Ian Hislop, the Private Eye editor who chaired the Whitbread judges, praised the winner's ability "to go well beyond the source material'' in painting a panorama of a dramatic life in turbulent times. The judges admired Tomalin's book – the third biography of Pepys in a generation, but the first by a woman – for presenting "a wonderful introduction, not just to the diaries but to an astonishing piece of history''.

Reviewing the book in The Independent, Diana Souhami called it "a vivid chronicle of contemporary history seen through the all-too human preoccupations of this ordinary and extraordinary man''.

Tomalin, the bookies' 5-4 favourite, beat off a strong challenge from her husband, Michael Frayn. His novel Spies, already winner of Whitbread's fiction award, was commended by Ian Hislop as a "beautifully written'' account of a war-time childhood which the judges enjoyed hugely. Tomalin's success is the first overall victory for a biography in the Whitbread since 1991, and the first for a woman writer since novelist Kate Atkinson won in 1995.

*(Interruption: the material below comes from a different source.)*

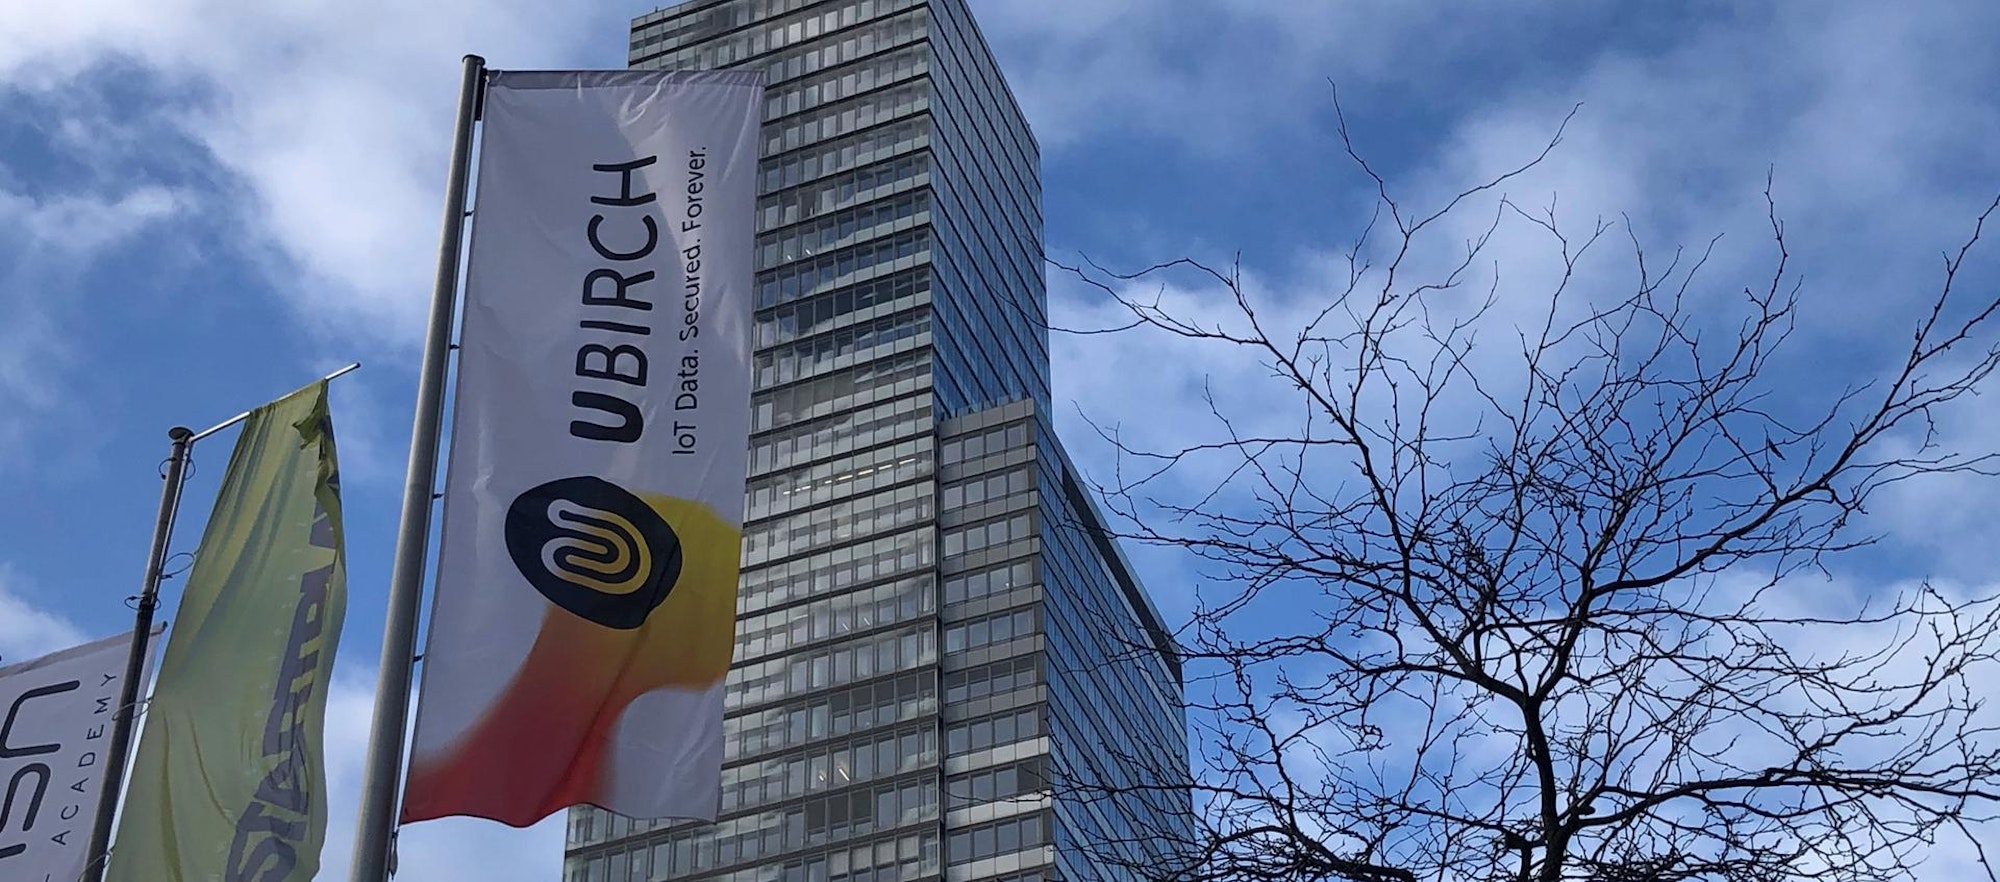 Vor dem KölnTurm im MediaPark weht eine Fahne mit der Aufschrift Ubirch.
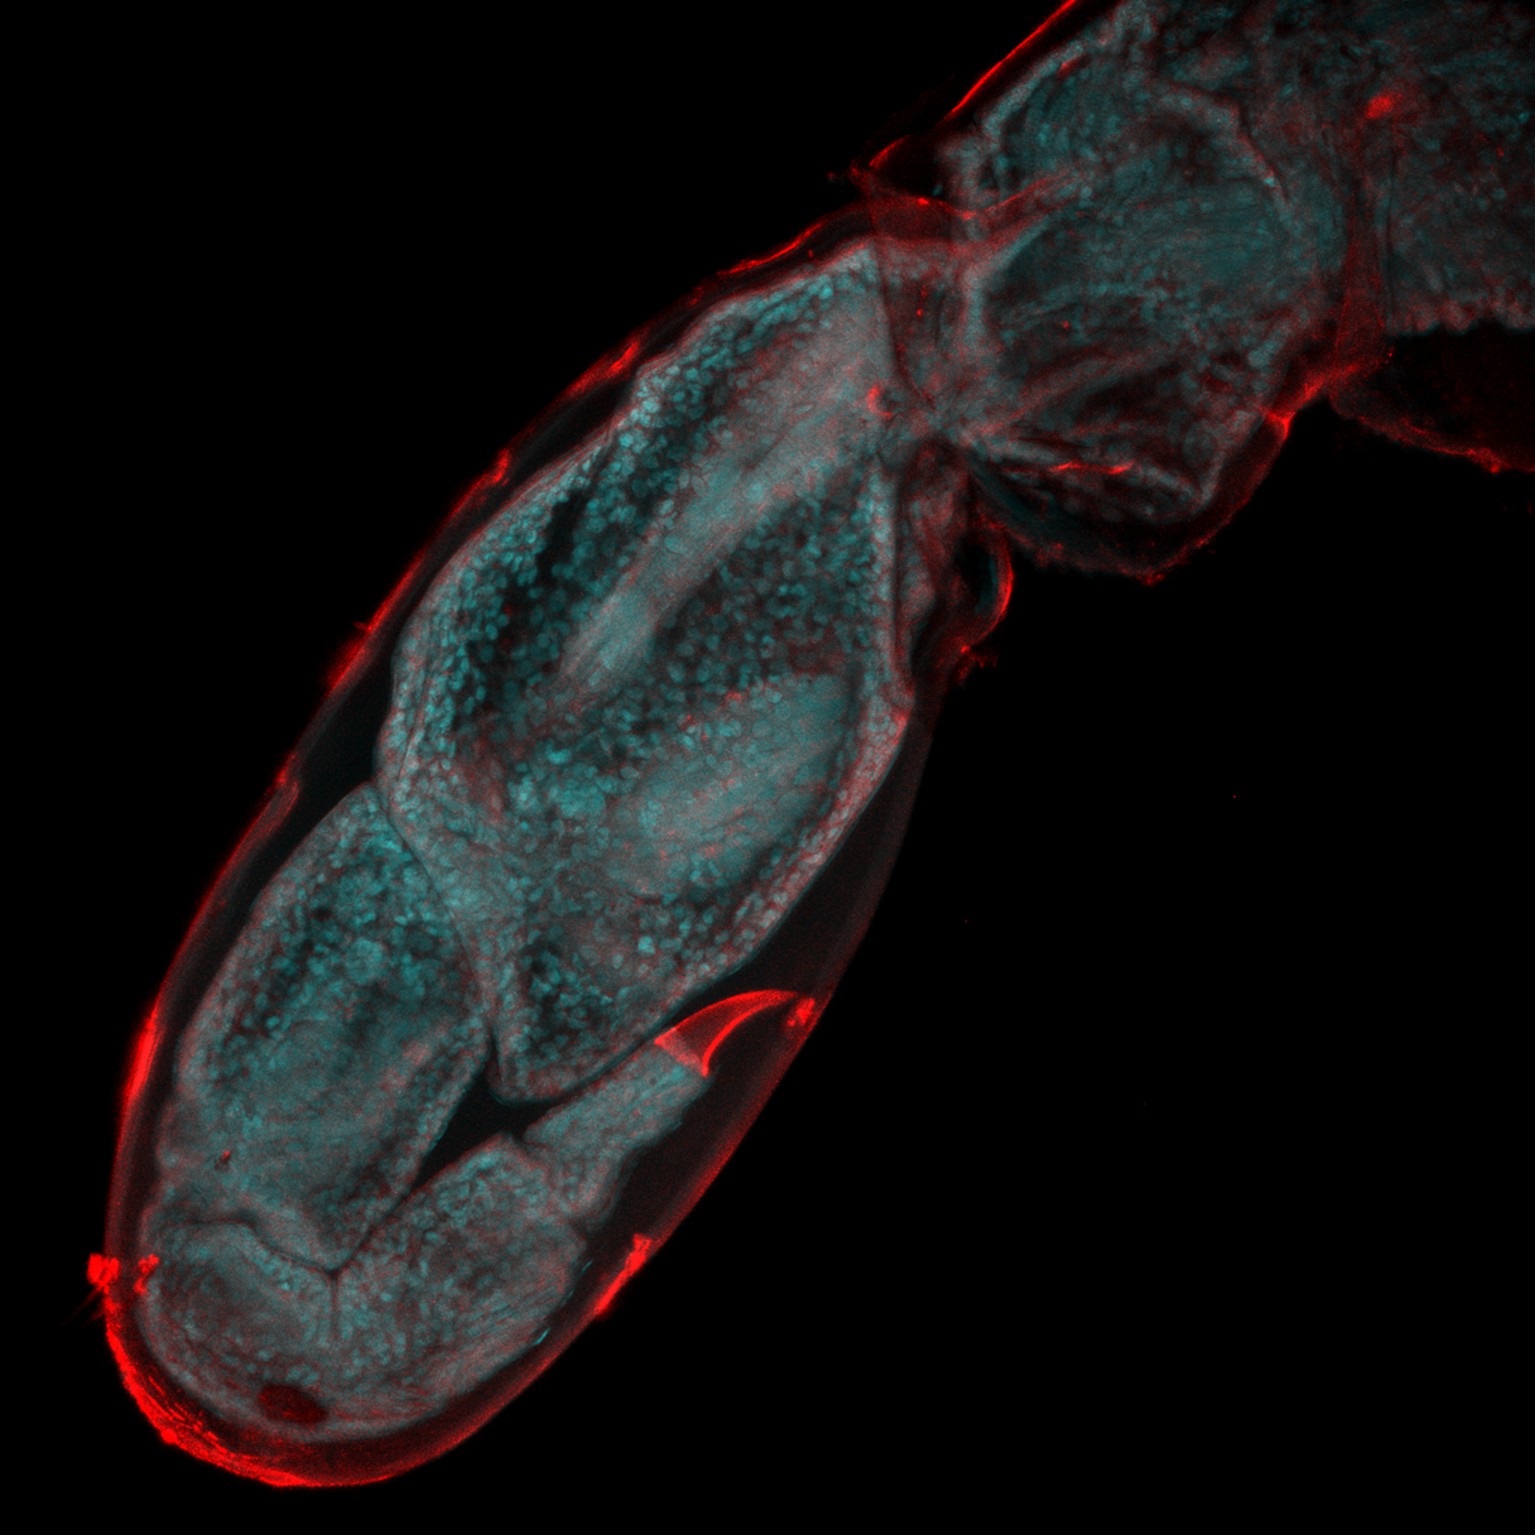 Imagen de la regeneración de una pata en un crustáceo

Although the domestic rivalry between Frayn and Tomalin attracted most media attention this year, the judges also praised the other category winners. They included Paul Farley's collection of poetry The Ice Age; Hilary McKay's children's novel Saffy's Angel, and The Song of Names by journalist Norman Lebrecht, the victor in the first novel category.

Born, like her husband, in 1933, Claire Tomalin was literary editor for the New Statesman magazine and The Sunday Times. She published her first biography, of the pioneer feminist Mary Wollstonecraft, in 1974. Other acclaimed books include lives of Charles Dickens' mistress Ellen Ternan and of Jane Austen.

Her study of Pepys, subtitled The Unequalled Self, is her first portrait of a man. It moves beyond the reports of the Restoration in Pepys' diary to explore the ups and downs of his career as an architect of the Royal Navy. Tomalin also looks at his energetic extra-marital liaisons with a sympathetic but often ruthless eye. The Whitbread judges relished her description of how public servants abandoned Oliver Cromwell's Commonwealth to back the restored monarchy.

In an age when public life is as confused as ever about the boundaries of personal and political behaviour, Tomalin's account of a full life allows us to understand these contradictions. Pepys "looked at himself with as much curiosity as he looked at the exterior world'', says Tomalin. His self-knowledge is perhaps just as necessary for today's civil servants.